Building a Quantum-Ready Security Posture
Organizations do not need to solve the full post-quantum migration problem overnight. The practical priority is building toward cryptographic agility, the ability to swap cryptographic algorithms without disrupting the broader security architecture, while implementing document-level protections that provide resilience today.
| Priority | Action |
| Immediate | Inventory sensitive document types with long retention requirements (contracts, IP, regulated data, strategic plans). These are the highest-priority HNDL targets. |
| Short-term | Apply document-level encryption to high-value categories. Establish access controls that can be updated independently of the documents themselves. |
| Medium-term | Audit transport-layer cryptography.
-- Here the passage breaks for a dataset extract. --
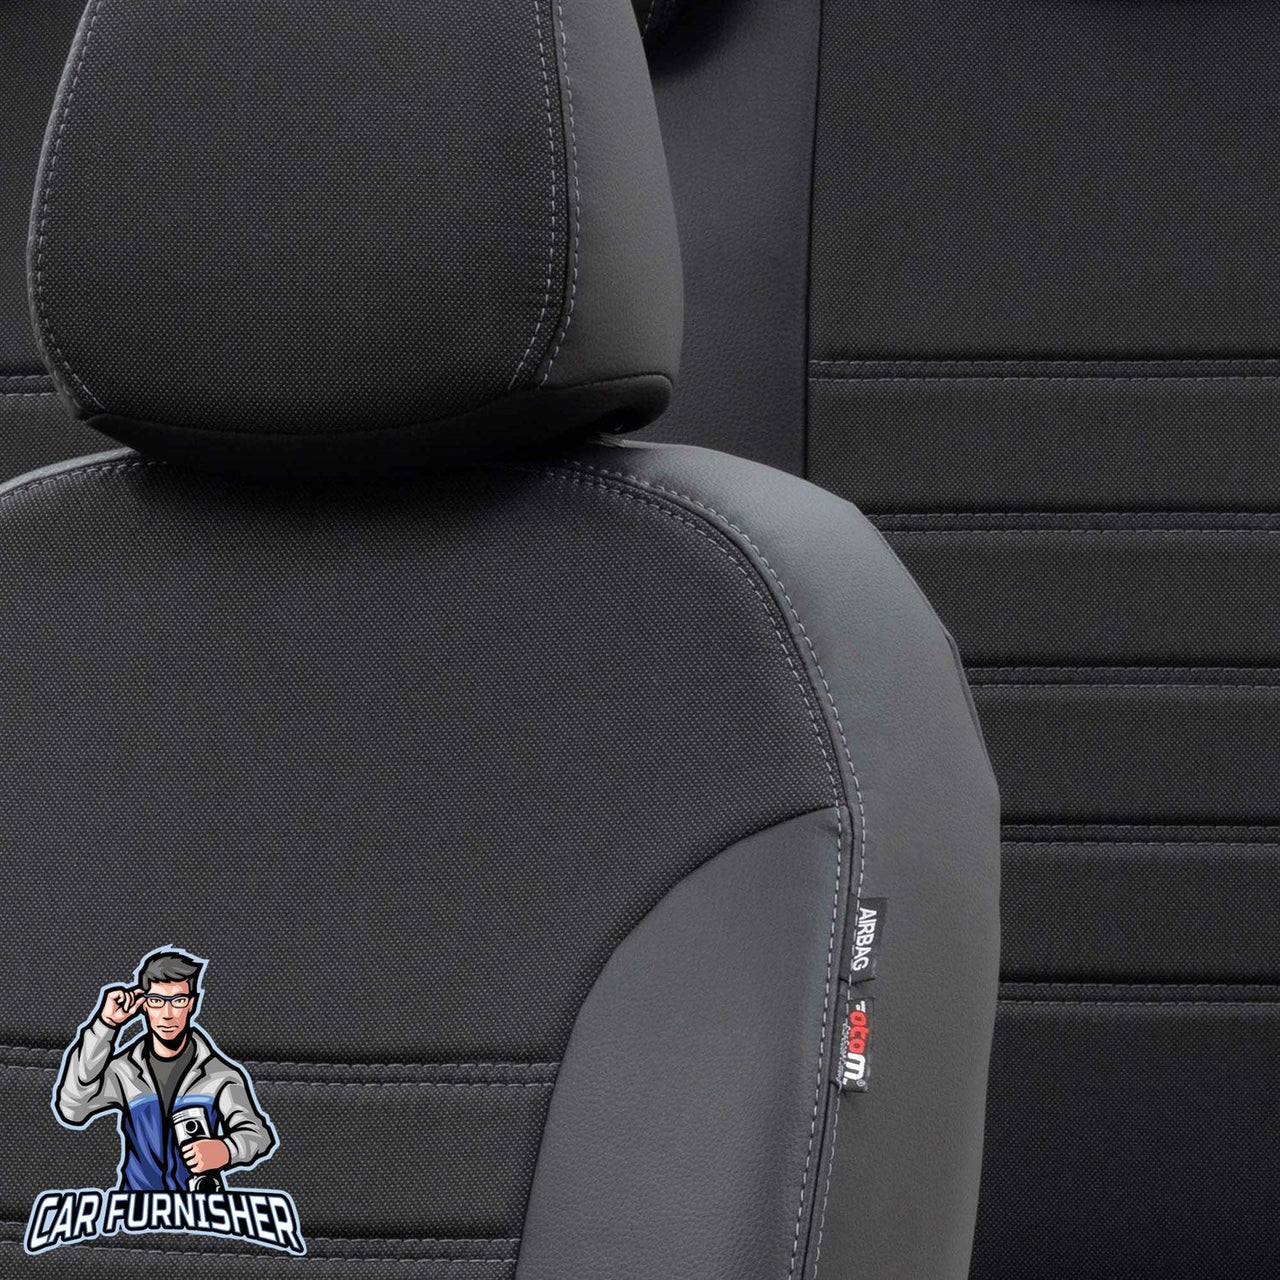 Jeep Grand Cherokee Seat Cover Paris Leather & Jacquard Design Black Leather & Jacquard Fabric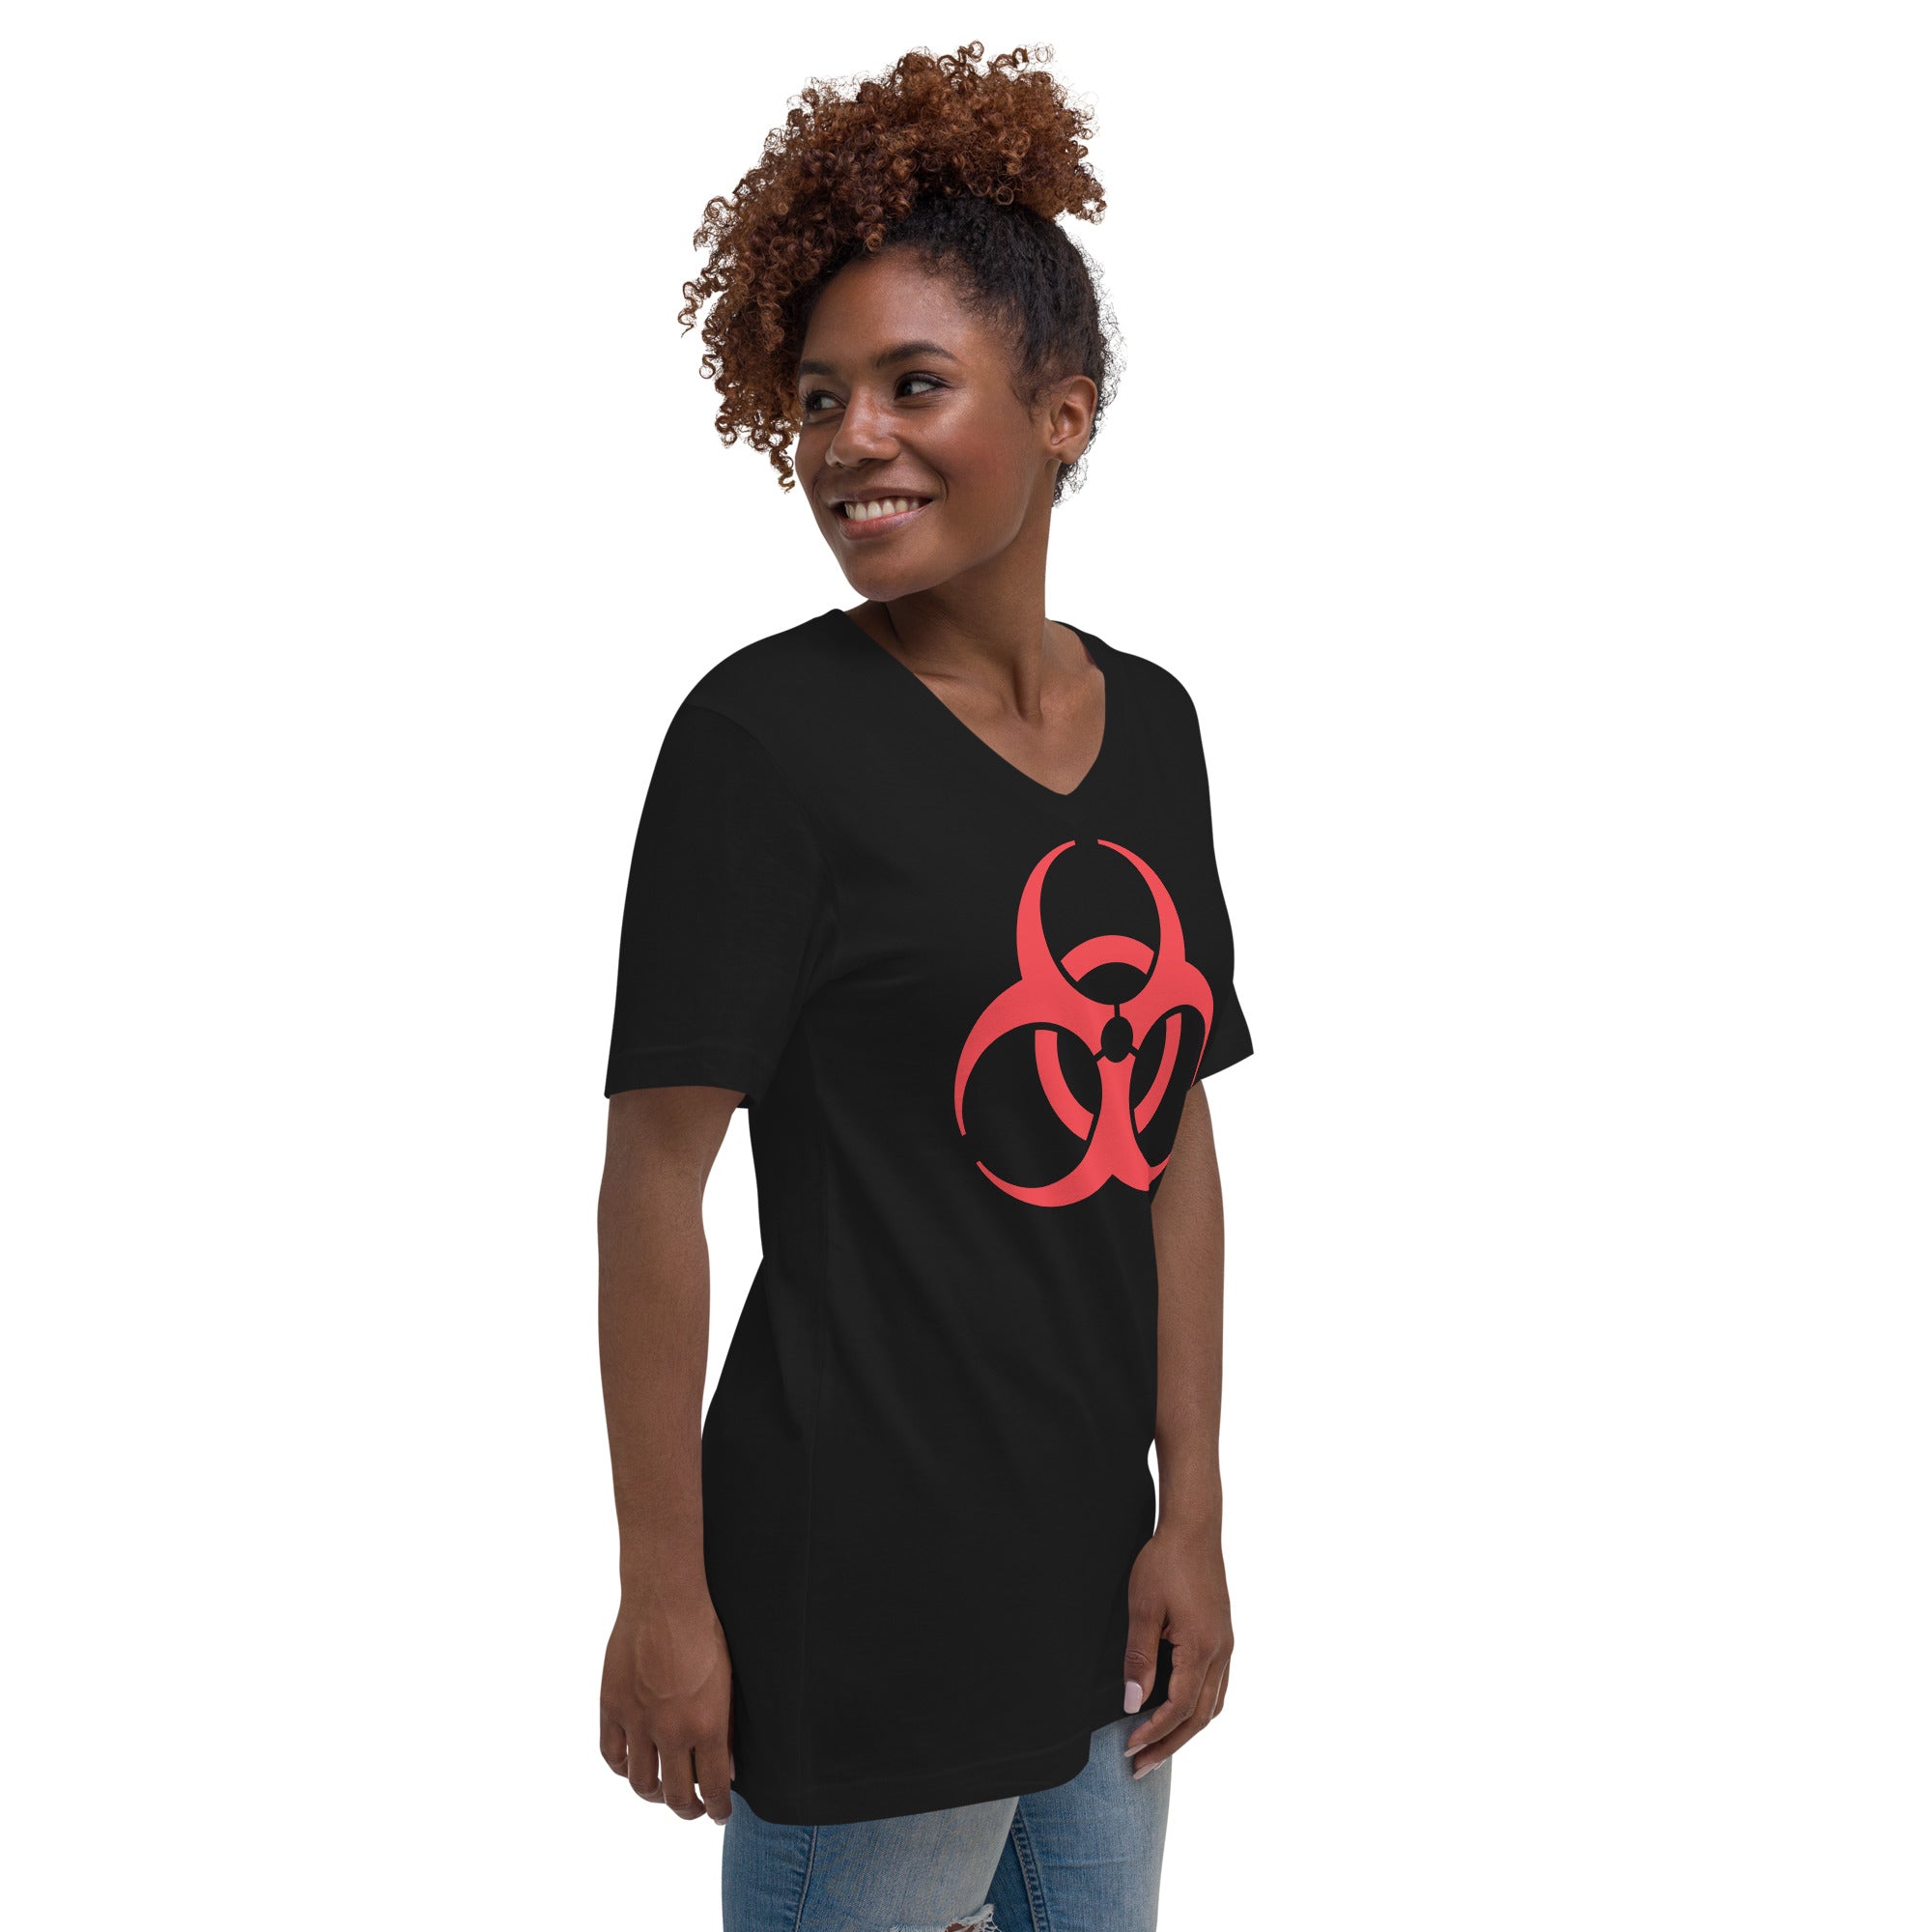 Red Biohazard Sign Toxic Chemical Symbol Women’s Short Sleeve V-Neck T-Shirt

Identify systems using RSA or ECC for long-retention data and prioritize for PQC migration. |
| Ongoing | Validate that key security vendors have published PQC migration timelines and track NIST standards adoption across the stack. |
The NSA’s 2030 deadline should be treated as a ceiling, not a target. Organizations in defense, financial services, healthcare, and critical infrastructure should treat post-quantum readiness as an active program today—not a future roadmap item.
Fasoo AI’s Approach
Fasoo Enterprise DRM platform applies persistent encryption and access controls at the document level—the architectural layer where HNDL resilience must ultimately be built. Documents protected by FED carry their authorization policy with them regardless of where they travel, providing a layer of protection that is independent of transport-layer cryptographic vulnerabilities.
Key capabilities relevant to the quantum threat include file-level encryption, centralized key management, post-distribution access revocation, document expiry controls, and a comprehensive audit trail. As NIST-standardized post-quantum algorithms mature, Fasoo’s architecture is designed to adopt updated cryptographic primitives without requiring organizations to rebuild their document security workflows.
The Harvest Is Already Underway
The most important thing to understand about HNDL is the tense: present, not future. The accumulation of encrypted enterprise data by nation-state actors is an ongoing activity, not a hypothetical scenario. The documents your organization transmits today—over encrypted channels, through cloud platforms, via secure email—may already be in an adversary’s archive.
Post-quantum migration is a multi-year program. The organizations that begin the inventory, implement document-level protections, and build cryptographic agility into their security architecture today are the ones that will navigate this transition on their own terms. The ones that wait will be managing it as an emergency.